I did mine, I had more than a little noise. Used a piece of metal tubing held to my ear to nail down the noise, till I was fairly certain it was in the bottom. Checked the side of the block near the distributor to see if I had any oversize bearing letter codes. Before I started, I took all the plugs out, put it in neutral and checked (with a torque wrench) how much peak torque it took to turn the motor over one revolution. When I was finished with the new bearings, checked the torque again, I know I'm anal (I#ve seen guys put in new bearings and not be able to turn the motor over with a cheater bar, they don't last long). Ordered a set of stock bearings, a set of 0.001 over and a set of 0.010 over. I didn't need the 0.01 or the 0.010 and returned them. I cleaned up the orignal bearings and the journals and checked them with plasti gage, they have to be clean plasti gage melts in oil. The top half of the bearing had significantly more wear then the bottom half on mine. Put the new (stock size) bearings in and plasti gaged them again (I know I'm anal). I was lucky there was no major scoring and the bearing surfaces were a fairly constant diameter end to end, there was no significant cone shape to the crank journals. I cleaned out the oil pump and checked the tolerances while I was in there, the bottom of the motor was fairly clean. I had to make an oil pump gasket, the oil pump got pretty tight without the gasket.

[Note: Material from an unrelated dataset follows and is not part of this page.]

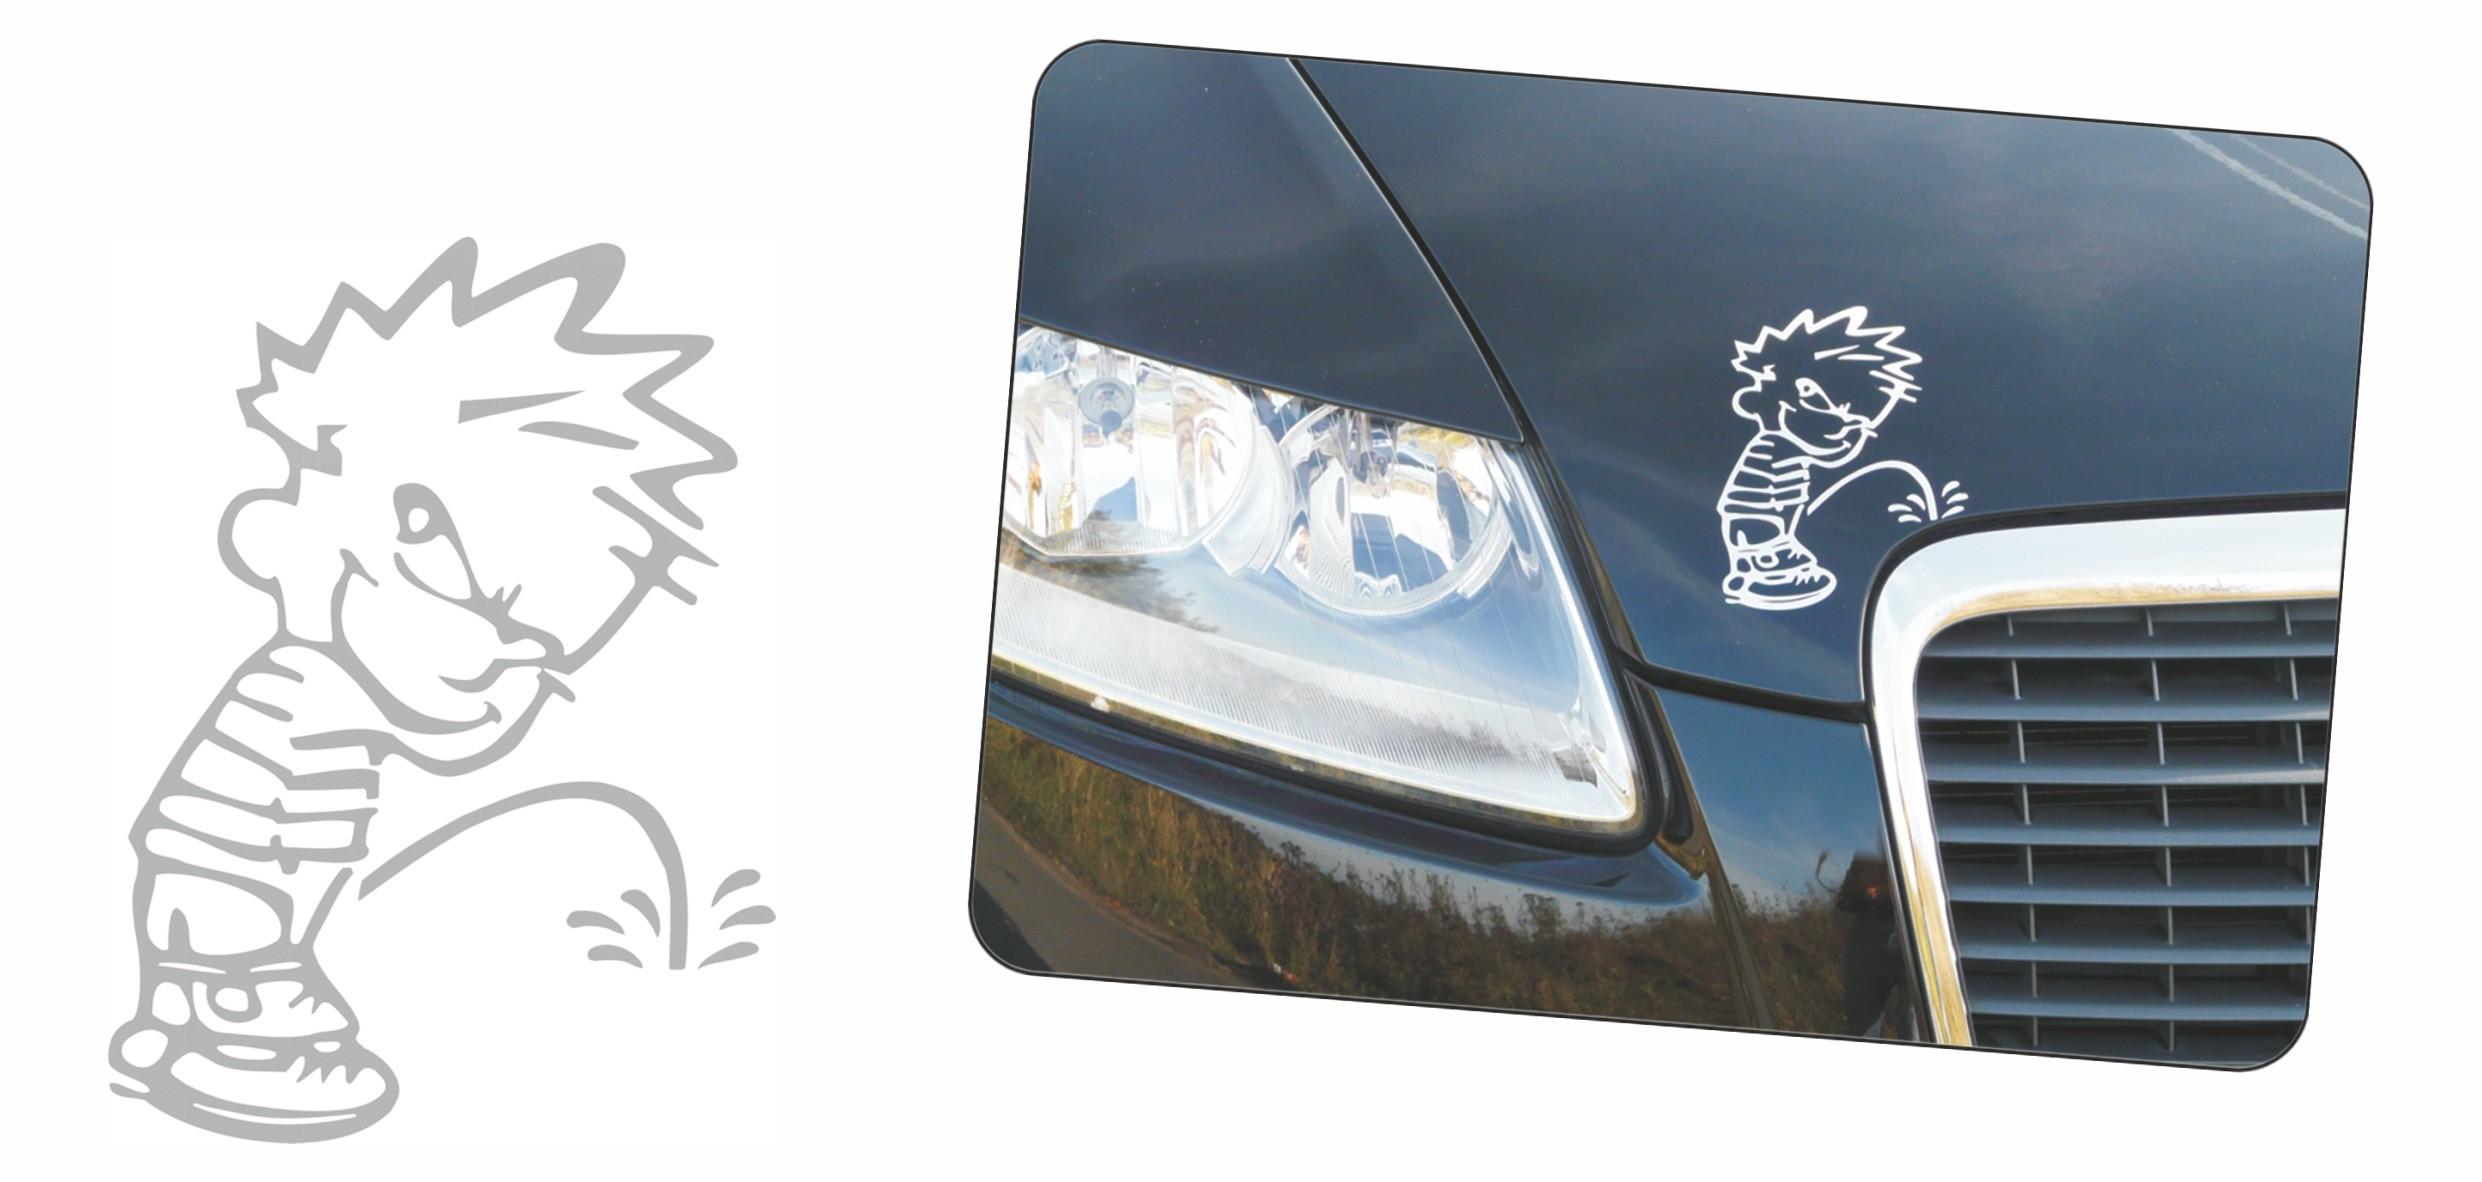 Aufkleber Spiegel- und Car-Tattoo Abschussliste – Bild 4
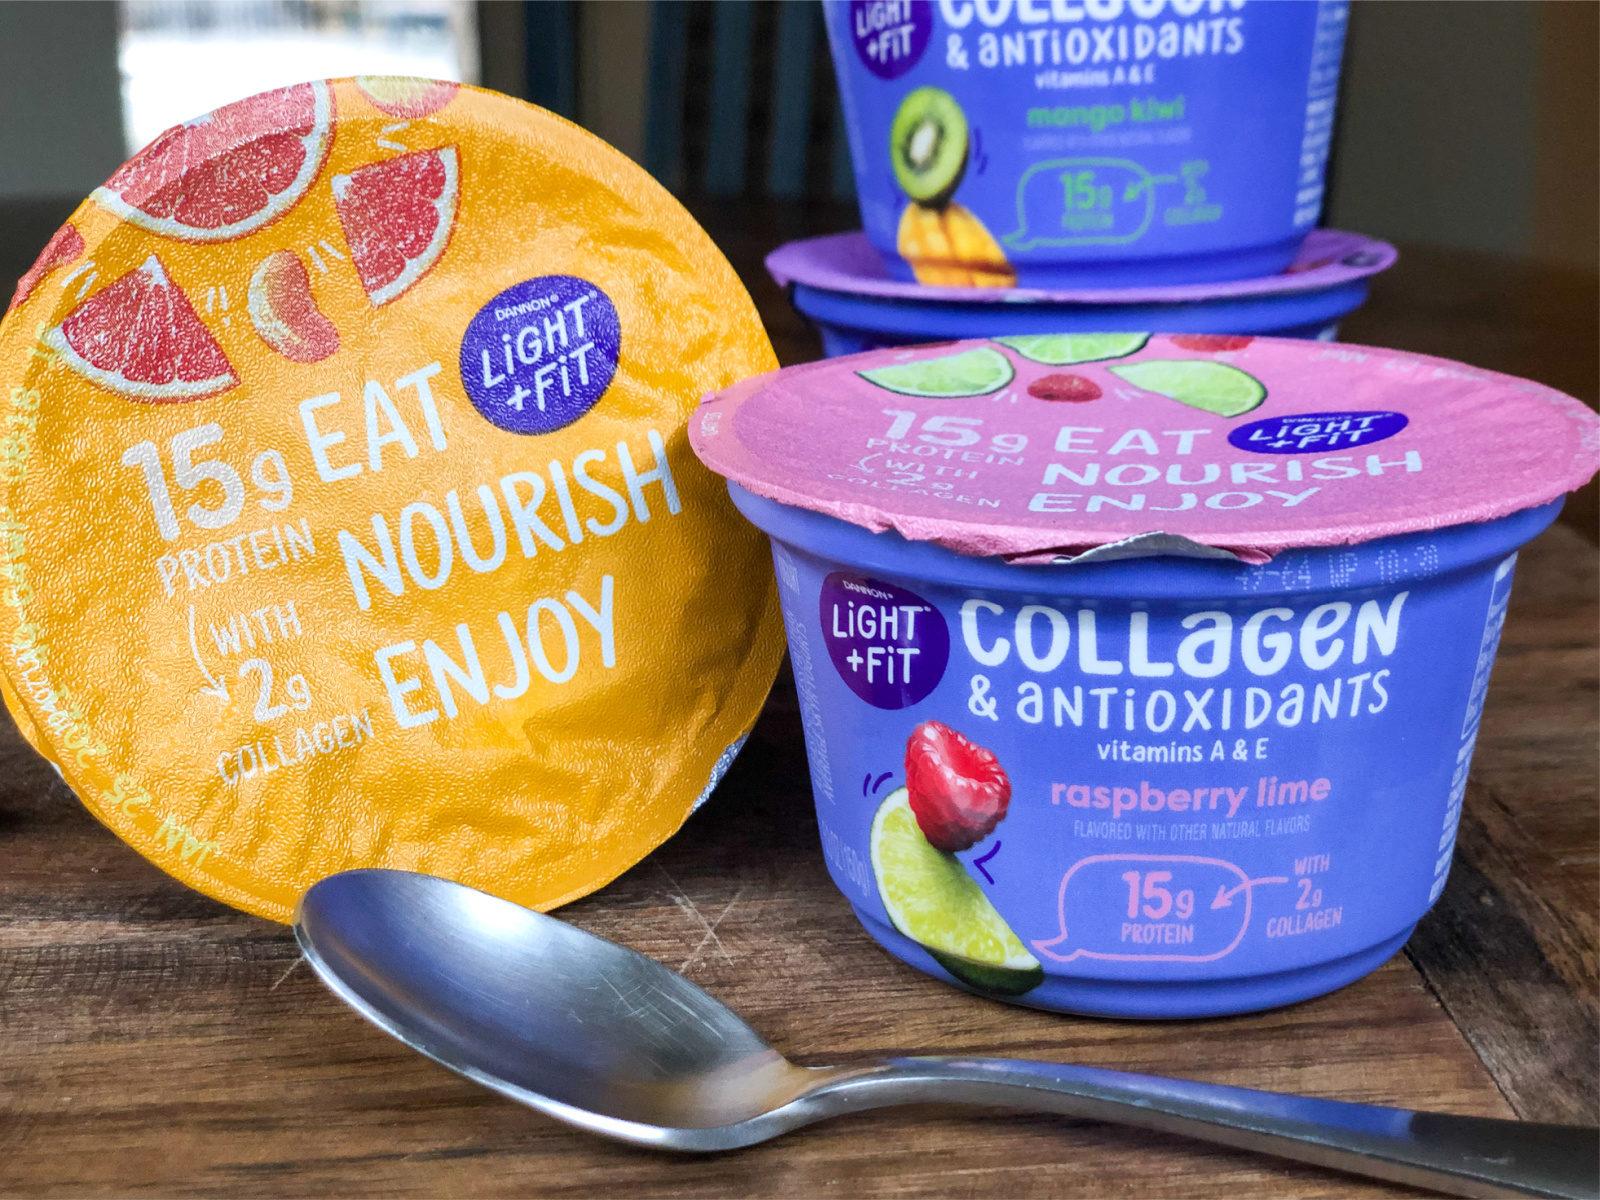 Dannon Light & Fit Collagen & Antioxidants Yogurt Just 75¢ At Publix on I Heart Publix 1

The book said you can mix different sized bearings to get the right tolerance. I was happy none of mine were near the outer tolerance, after new stock bearings.
My motor was a lot quieter after the new bearings, so I'm guessing that was the problem. I drove the motor easy for the first 500 miles and kept the RPM's down. Used fossil oil instead of synthetic.
The rest of it is just like changing the rear main bearings, I did that also while I was in there. I checked the timing chain play, the flex plate bolts and looked for flex plate cracks from the motor side of the flex plate. While I had the connecting rods off I jiggled the connecting rod up and down, just to check for wrist pin play and looked at the shape of the cylinder walls.
Just an opinion, but slightly loose bearings last longer than too tight bearings. Thinking they are going to wear in before they burn up is often wishful thinking.